Senior Data Engineer with 13+ years of experience architecting and optimizing large-scale, cloud-native data platforms across AWS, Azure, and GCP. Expert in building high-performance, fault-tolerant data ecosystems using Spark, Flink, Kafka, Delta Lake, and modern Data Mesh and Lakehouse architectures. Skilled in developing streaming and batch pipelines, implementing CDC frameworks, and enforcing metadata-driven governance, lineage, and observability at enterprise scale.
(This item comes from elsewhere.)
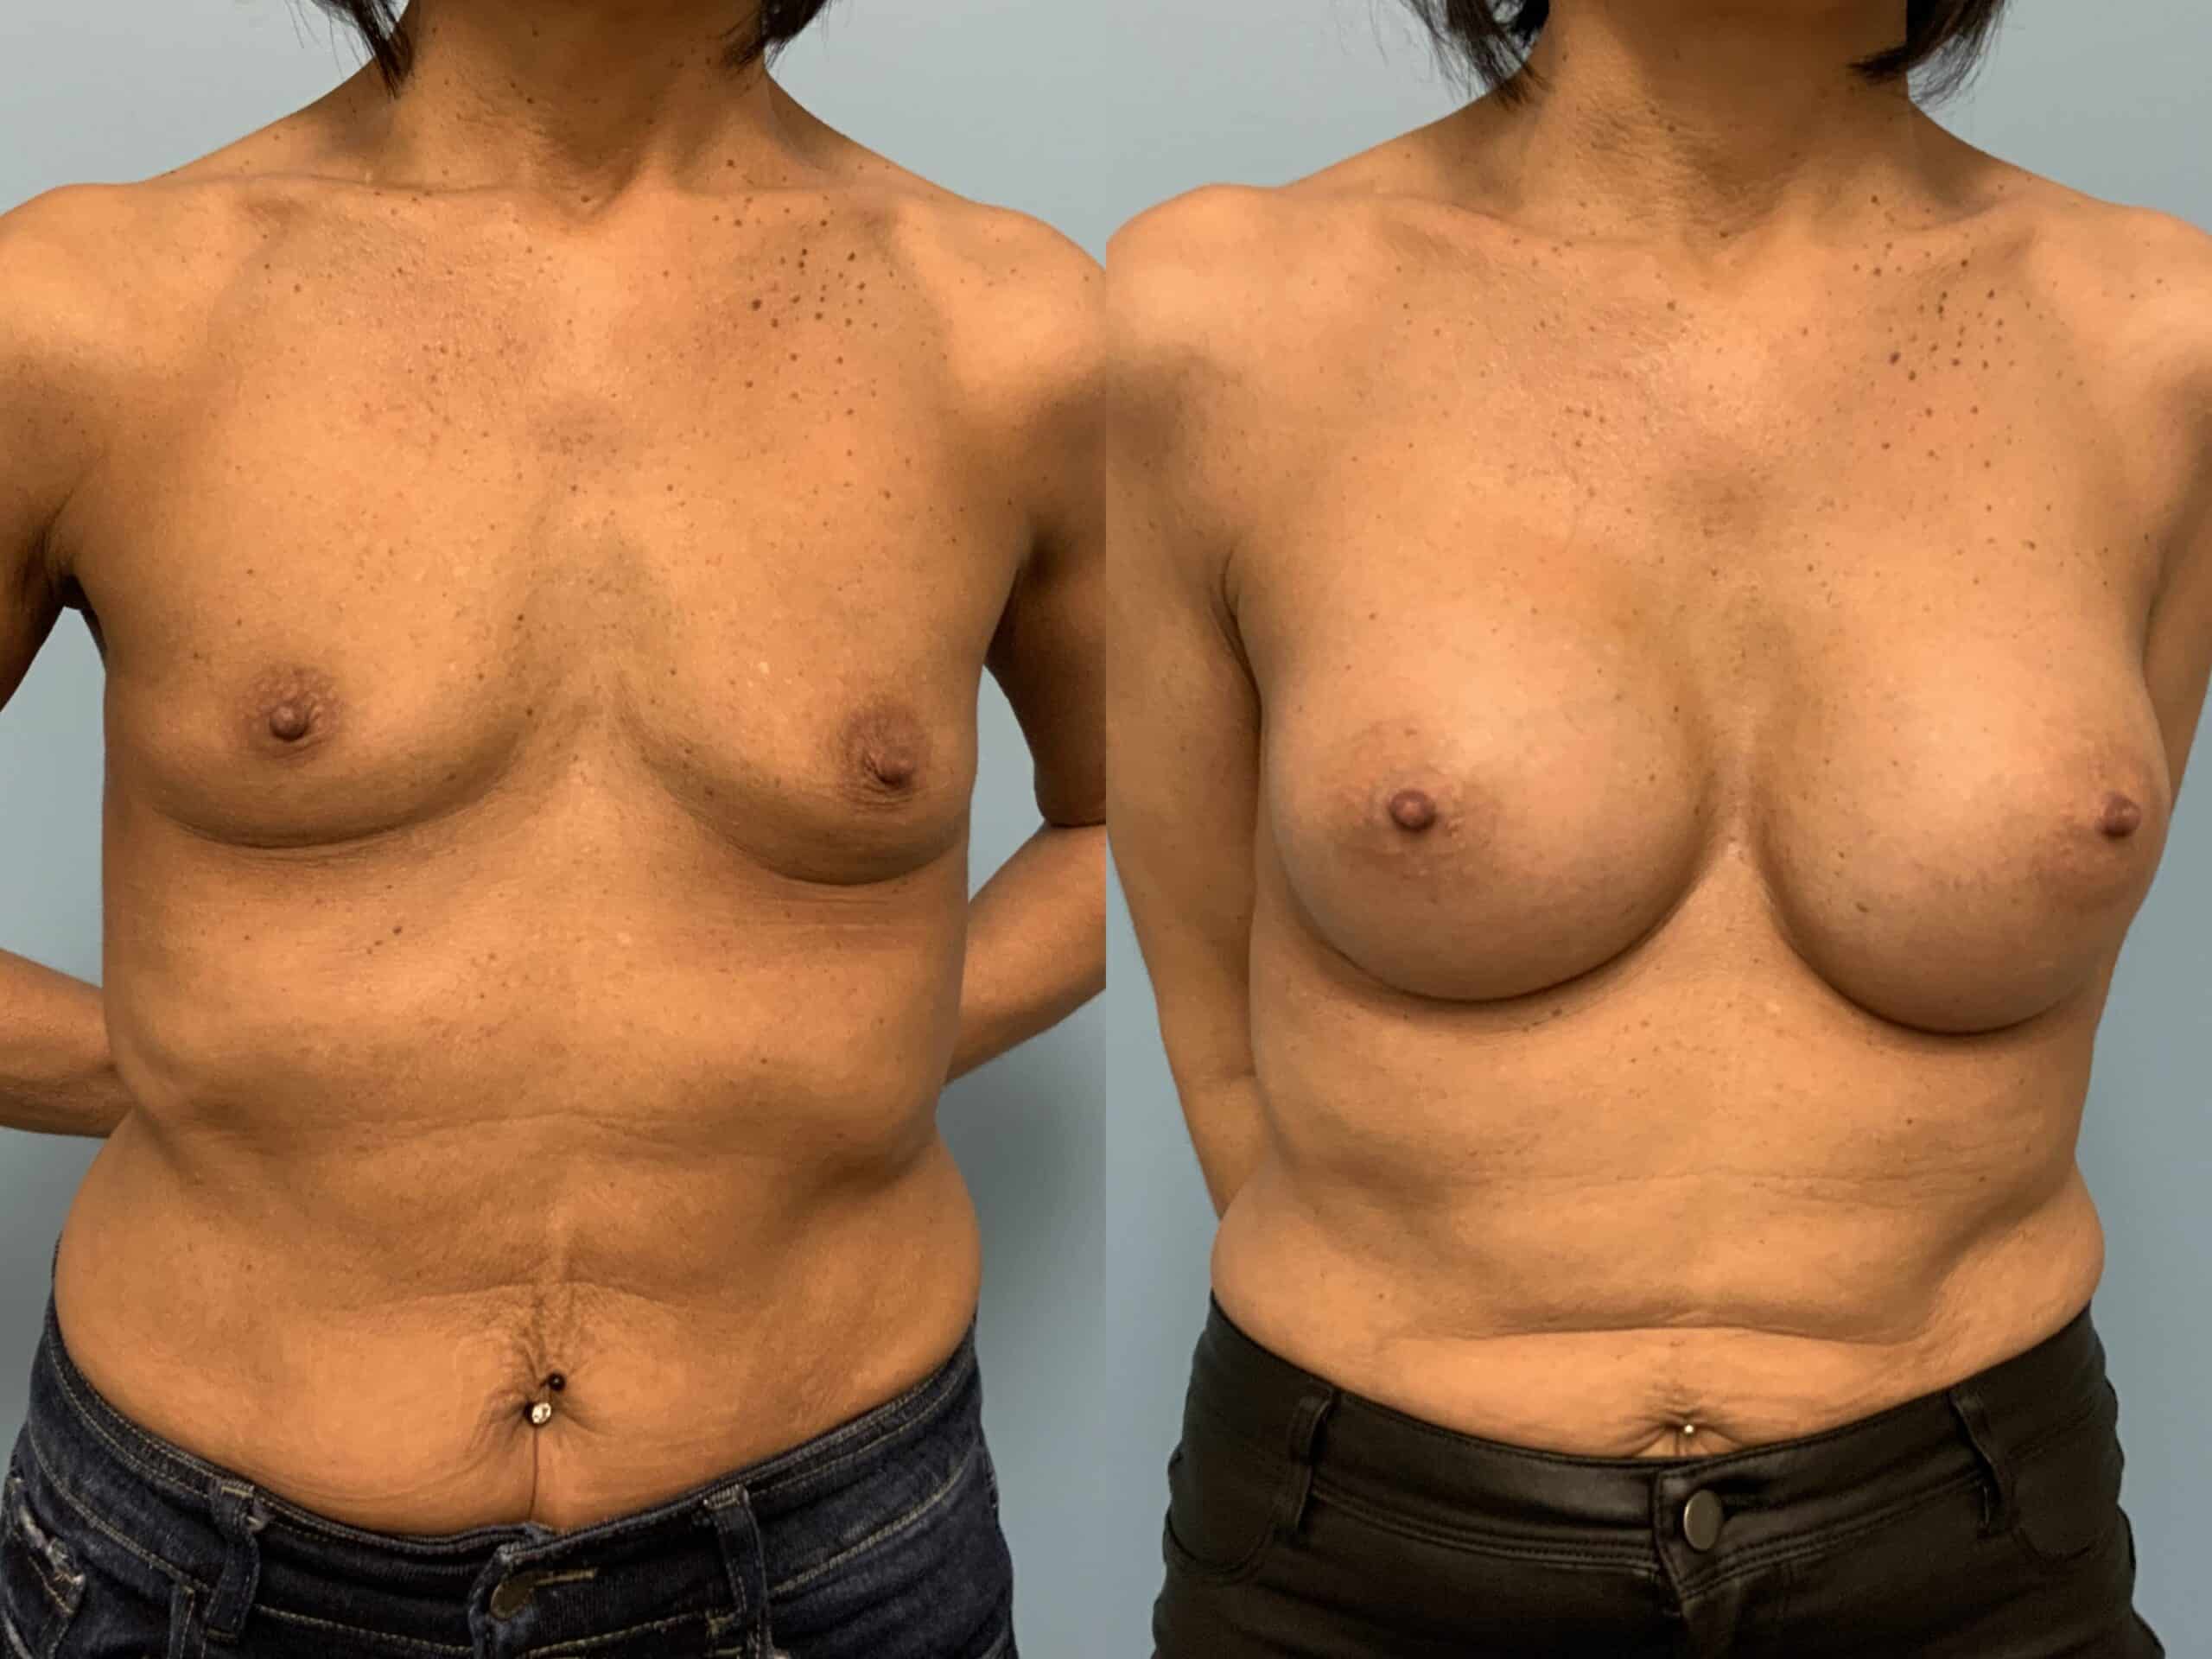 Before and after, Patient 2 mo post op from Breast augmentation, Level III Muscle Release procedure performed by Dr. Paul Vanek

Proficient in Python, Scala, Rust, SQL, and Terraform, with advanced expertise in schema evolution, data virtualization (Trino, Denodo, Starburst), and distributed query optimization. Adept at enabling feature stores, real-time analytics (Pinot, Druid, Materialize), and ML data pipelines, while driving platform scalability, cost efficiency, and DataOps automation across complex, federated data environments.
1. Multi-Cloud Lakehouse Integration Platform
Tech: Delta Lake, Apache Iceberg, Spark, Airflow, Dagster, AWS, Azure, Apache Atlas, OpenMetadata
Description:
Designed and built a unified multi-cloud Lakehouse platform enabling cross-cloud analytics across AWS and Azure. Implemented Delta Lake and Apache Iceberg for versioned storage, schema evolution, and ACID guarantees. Created metadata-driven ingestion workflows using Airflow and Dagster with full lineage tracking via Apache Atlas and OpenMetadata. Introduced modular data zones, governed schema propagation, and scalable compute layers for structured, semi-structured, and unstructured workloads.
2. Real-Time Streaming & CDC Pipeline Framework
Tech: Apache Flink, Kafka Streams, Kafka Connect, Debezium, Kubernetes, Terraform
Description:
Engineered a distributed streaming framework delivering continuous data synchronization across operational and analytical systems. Implemented Debezium-based CDC flows for relational sources and built transformation layers with Flink and Kafka Streams. Containerized and deployed the entire stack on Kubernetes using Terraform for infrastructure provisioning. Added schema-registry-driven compatibility rules and event routing patterns for consistent, deterministic streaming behavior across microservices.
3. Data Quality & Observability Automation Layer
Tech: Spark, Python, Deequ, Great Expectations, Prometheus, OpenTelemetry, Grafana
Description:
Developed a comprehensive DataOps observability stack combining data validation, lineage propagation, and pipeline health monitoring. Automated quality checks using Deequ and Great Expectations integrated directly into Spark ETL and ELT workflows. Implemented OpenTelemetry-based tracing across pipelines and instrumented Prometheus exporters for systemlevel metrics. Built Grafana dashboards for operational visibility, schema drift detection, anomaly surfacing, and pipeline reliability insights.